It’s All in the Timing
Part VI
Our “Documentation Review as a Habit” series rolls into Part VI with a discussion about capturing timing in the Patient Care Report’s (PCR’s) documentation.
Not only is there an importance placed on documenting the correct date and time of the incident, chronologically, but there is even more importance placed on the timing of the illness or injury in relation to normal versus abnormal life events and the very trigger for the activation of the EMS system for the EMS incident being recorded.
The relational factors have a direct impact on the ICD-10 diagnosis coding of the EMS incident which is where much of today’s discussion will land.
Date of Service
It seems like a “no-brainer” but you’d be surprised at the number of PCRs that arrive in our billing office with an incorrect Date of Service.
How does this happen?
Quite simply, a PCR with an incorrect Date of Service is probably a product of the author’s procrastination. The EMS incident occurs today but today has been busy. The EMS provider and author of the PCR ends his/her shift having not completed the PCR and returns tomorrow (or the next day…) and completes the PCR in the ePCR program.
However, because tomorrow is not the day of the incident guess who forgot to change the default date of the incident from today (which is “tomorrow) back to yesterday (which is the today of the incident.) Your billing office most likely does its pre-billing check and notices that the patient signed the authorization form and dated his signature with yesterday’s date but you turn in the PCR completed containing today’s date.
Other ways of picking up on incorrect dates of service also include a mis-match of dates on the hospital face sheet or differing dates between the Physicians Certification Statement (PCS) and the PCR.
Time of Day
Don’t miss the importance of documenting the correct chronology of the events that took place as part of your EMS incident in the PCR.
It is extremely important in both the QA/QI realm plus proving to insurance payers that the payment they are about to make is justified, to document the events that took place at what time and in relation to other events, treatments and interventions.
For operations, protocols are established on the “if this, then that” criteria. Following them may lead to the billing arena, especially when determining the level of service and the application of the correct HCPCS procedure code (Emergency, Non-Emergency, ALS, BLS, SCT, etc.)
Your Incident Described in Relevance
Where diagnosis coding is concerned, many incidents must be described by documenting timing intervals of the injury or ailment itself.

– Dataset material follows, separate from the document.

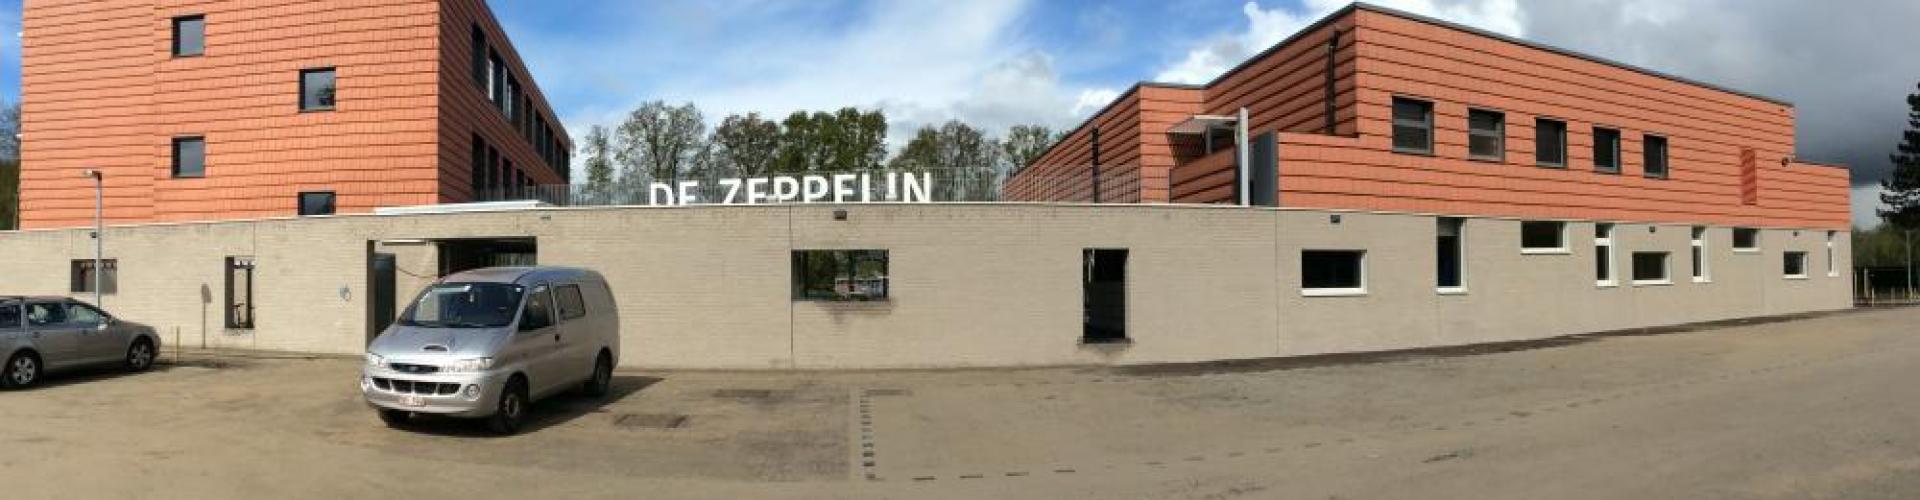 PSBLO De Zeppelin

Here is a good lesson in the proper use of appropriate wording in the written narrative portion of your PCR.
As EMS providers we must use words that capture the patient as he/she describes his/her need to call for your help. We document that the medical emergency was a “sudden attack” or was a “flare-up” or “eruption” and can be a convulsion or a seizure that has “recurred.”
We label the incident as acute, chronic and we etch the treatment and transport scenario in time with relation to other previous and coming events as either post- or pre- .
Describe the patient’s need for ambulance services as regular or irregular. Patients will tell you that their pain is occasional, periodic, cyclical, rhythmic, “here and there” or “on and off.” Or, the patient may describe and you subsequently document the scenario to be constant, permanent, regular or continual.
All of these word combinations denote time in the sense of relevance and are important in assisting your EMS billing office in choosing the most appropriate ICD-10 diagnosis code to describe the EMS incident when billing to a payer source.
Final Word- An Example
We close with the example of the myocardial infarction (MI) which is one of the most common scenarios that EMS providers deal with almost daily.
Consider that an MI can be coded and reported by duration such as I21.3 (acute with stated duration of 4 weeks or less). There is a code for an MI that is “healed and old” (I25.2) and there is a code to capture when the patient dials 9-1-1 while experiencing distress following recent cardiac surgery (I97.190). Also applicable can be the “subsequent” MI (recurrent in nature) which applies the code I22.9.
Of course, this list is not all-inclusive but used to emphasize the point that time and relevance are extremely important in light of the coding decisions made by your billing office following the incident.